> Recorded data
==*==

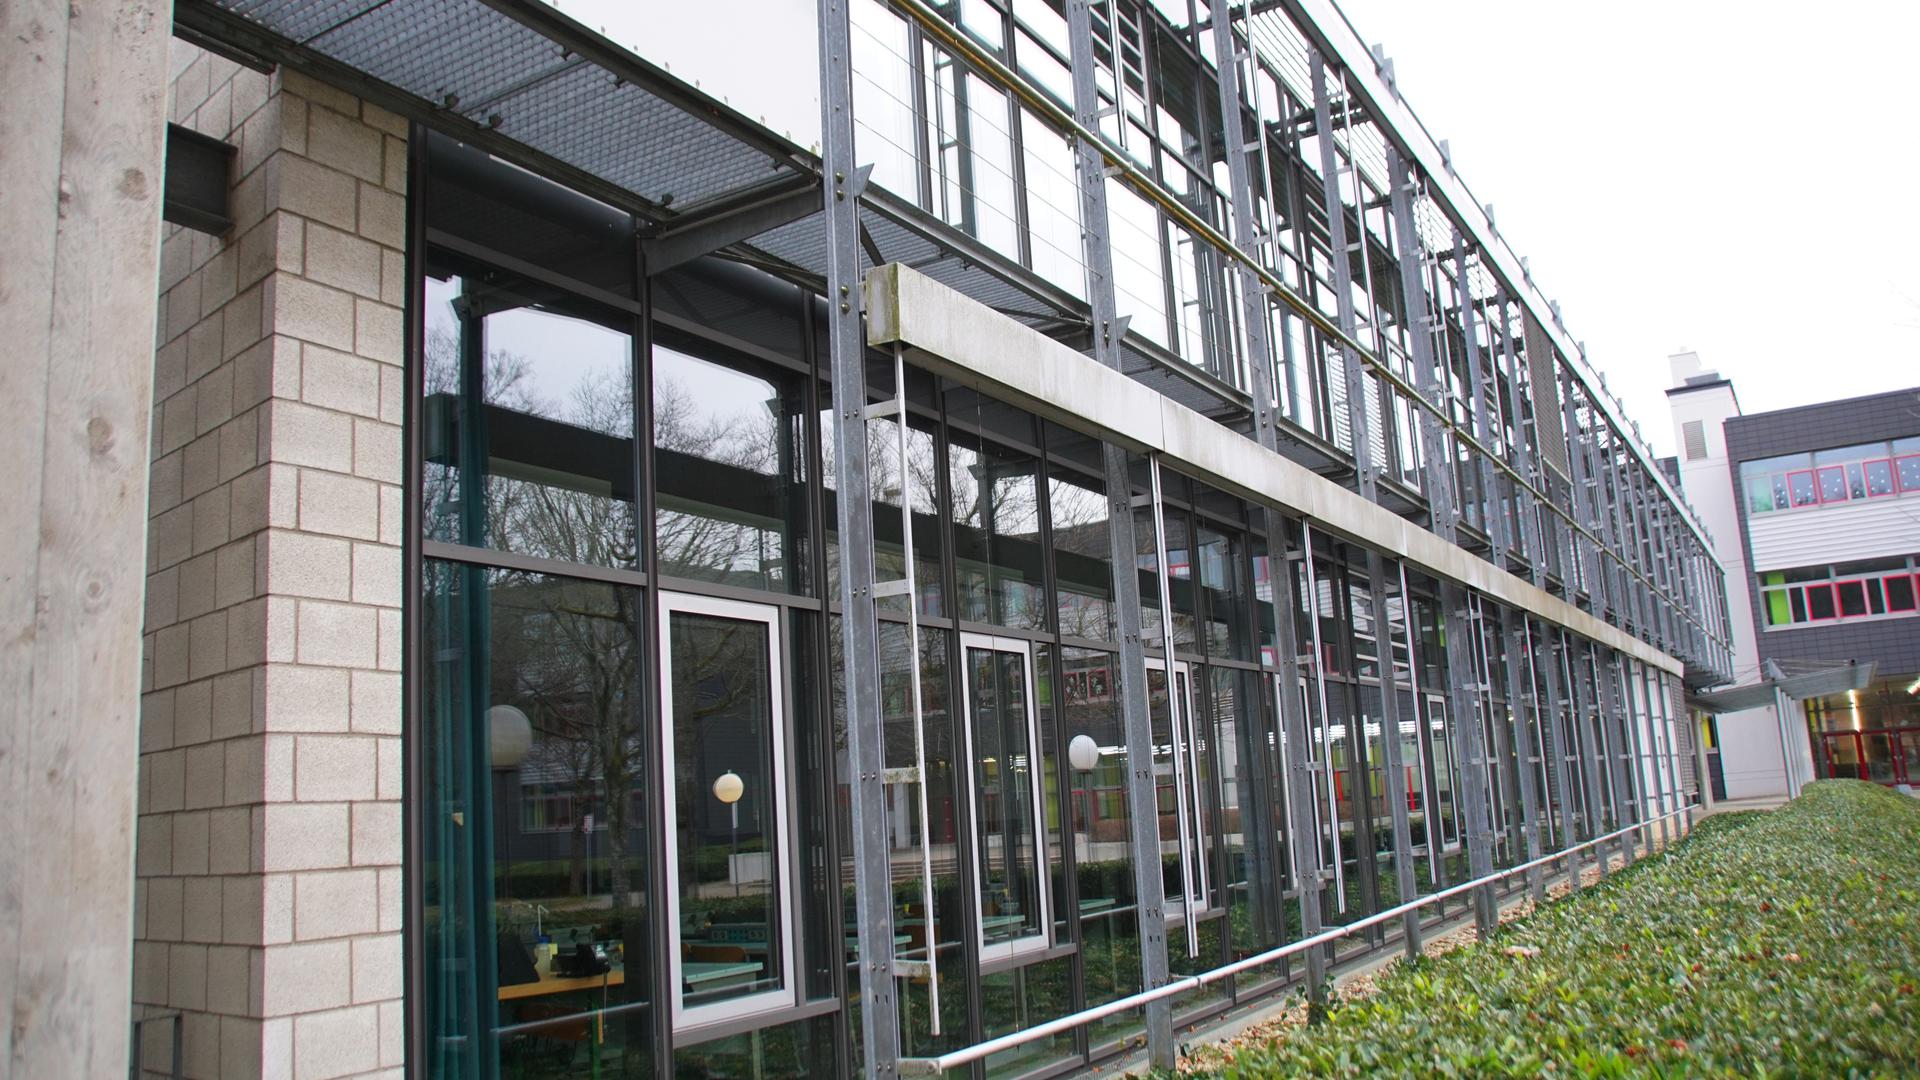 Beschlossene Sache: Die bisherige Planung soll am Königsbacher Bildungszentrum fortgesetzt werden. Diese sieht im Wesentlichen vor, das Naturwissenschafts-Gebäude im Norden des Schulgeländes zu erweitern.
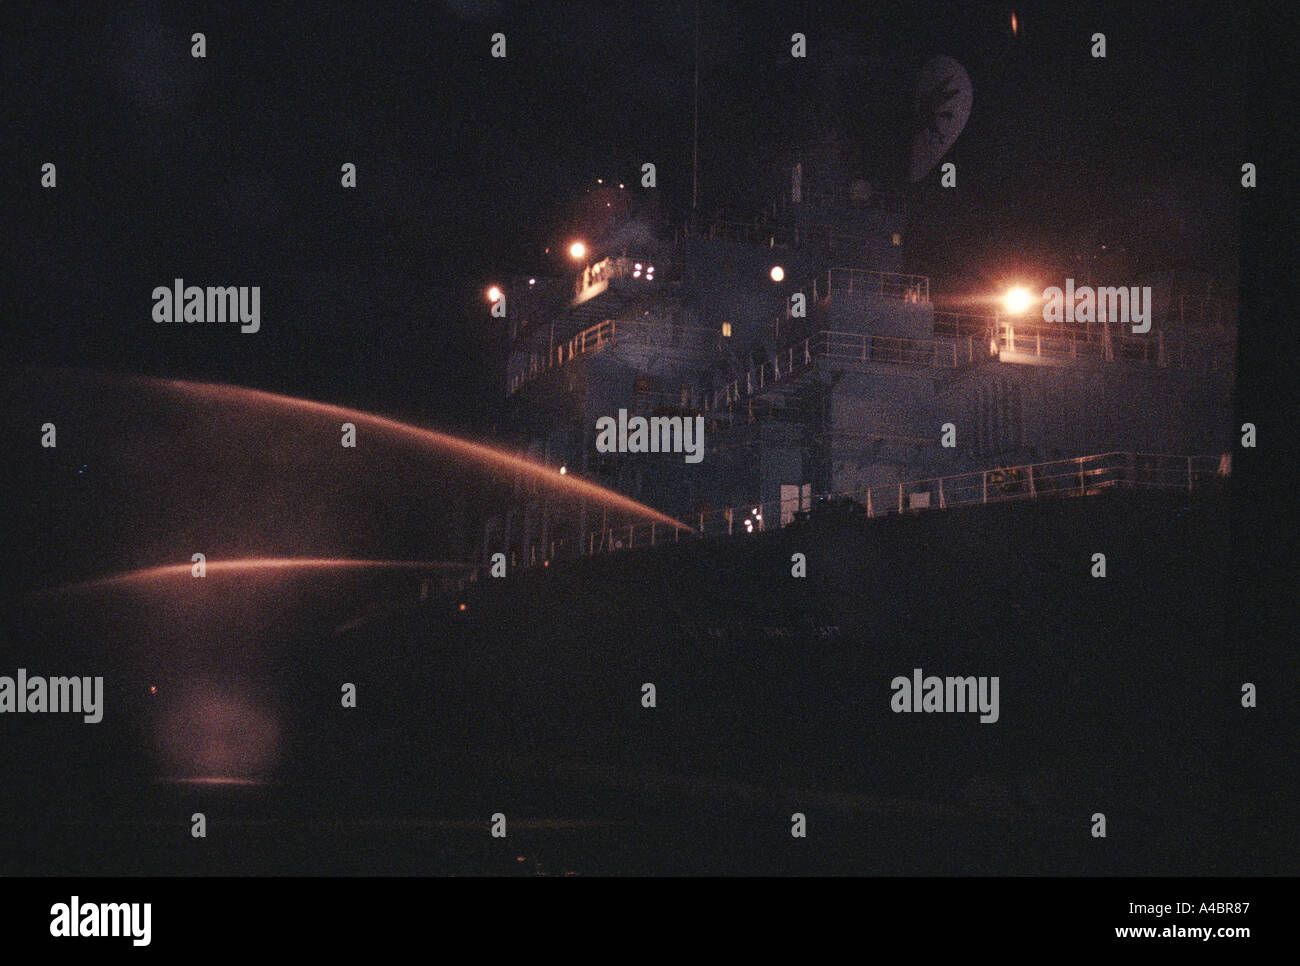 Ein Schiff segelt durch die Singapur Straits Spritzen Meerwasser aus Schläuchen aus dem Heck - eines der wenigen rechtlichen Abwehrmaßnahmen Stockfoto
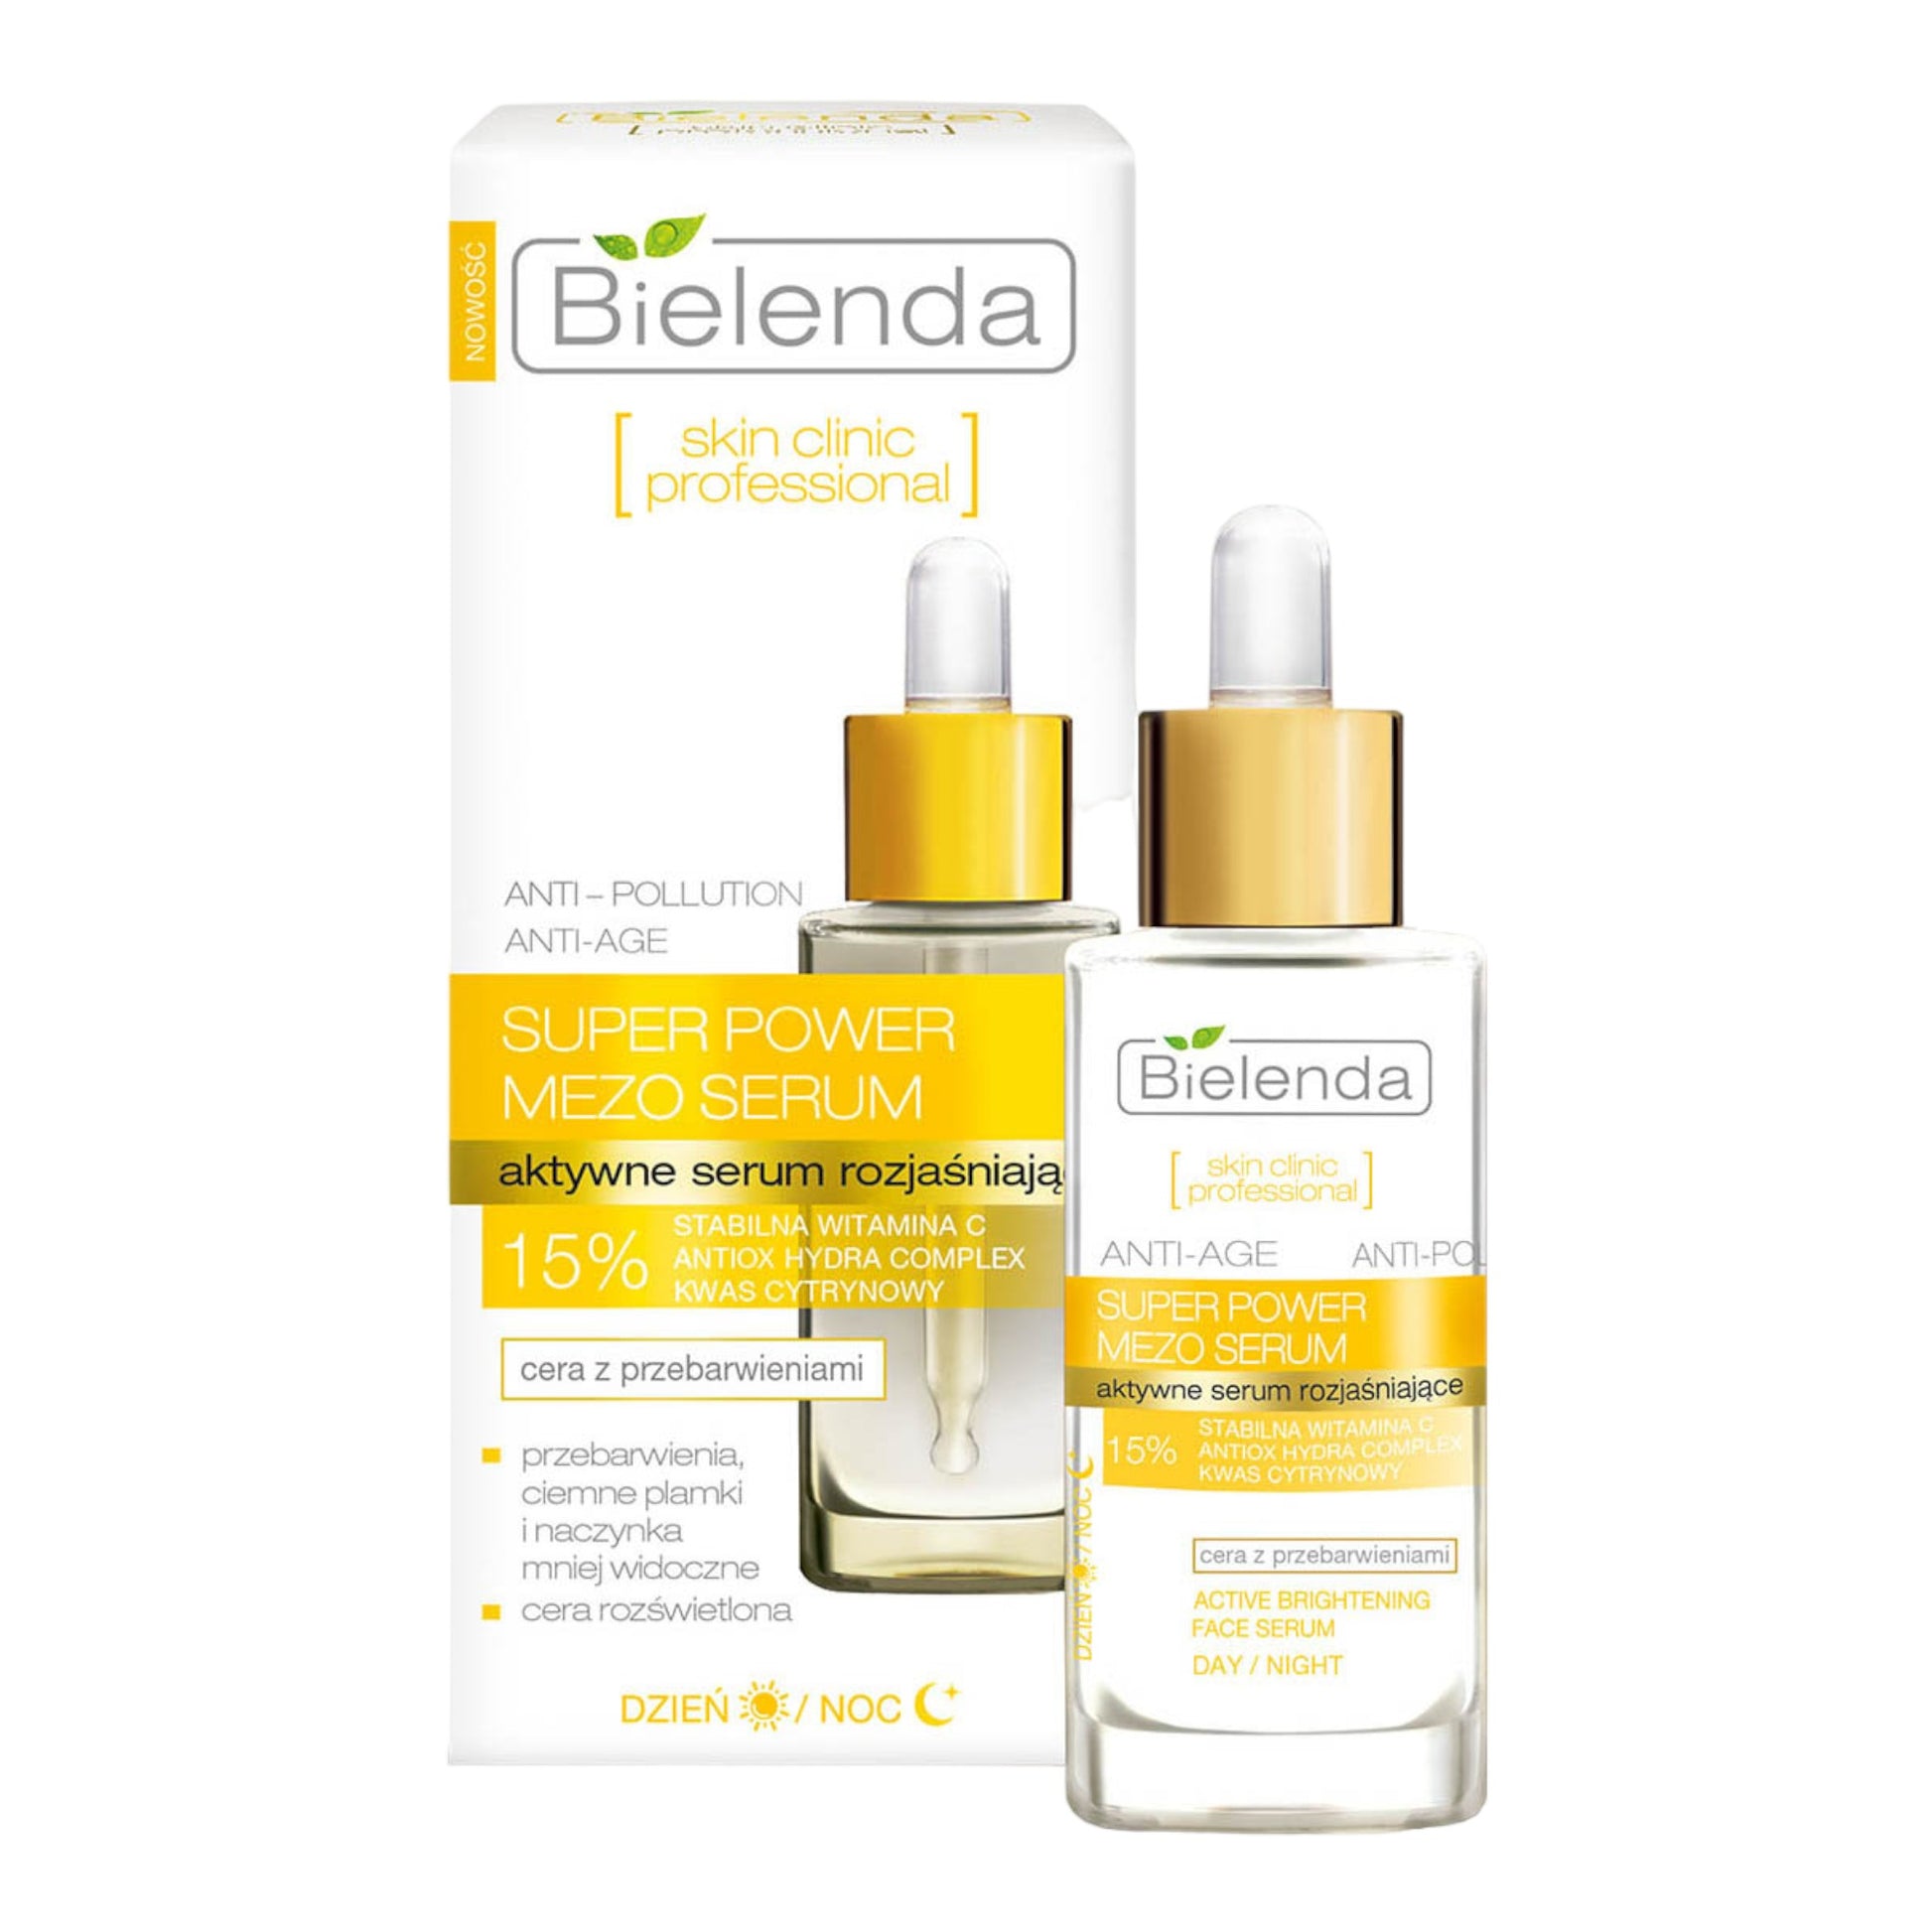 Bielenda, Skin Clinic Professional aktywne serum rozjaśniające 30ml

==*==

> Exercise details
Where a picture appears, skip it; repeat everything else in the data exactly.

> Response area
 Beschlossene Sache: Die bisherige Planung soll am Königsbacher Bildungszentrum fortgesetzt werden. Diese sieht im Wesentlichen vor, das Naturwissenschafts-Gebäude im Norden des Schulgeländes zu erweitern.
 Ein Schiff segelt durch die Singapur Straits Spritzen Meerwasser aus Schläuchen aus dem Heck - eines der wenigen rechtlichen Abwehrmaßnahmen Stockfoto
 Bielenda, Skin Clinic Professional aktywne serum rozjaśniające 30ml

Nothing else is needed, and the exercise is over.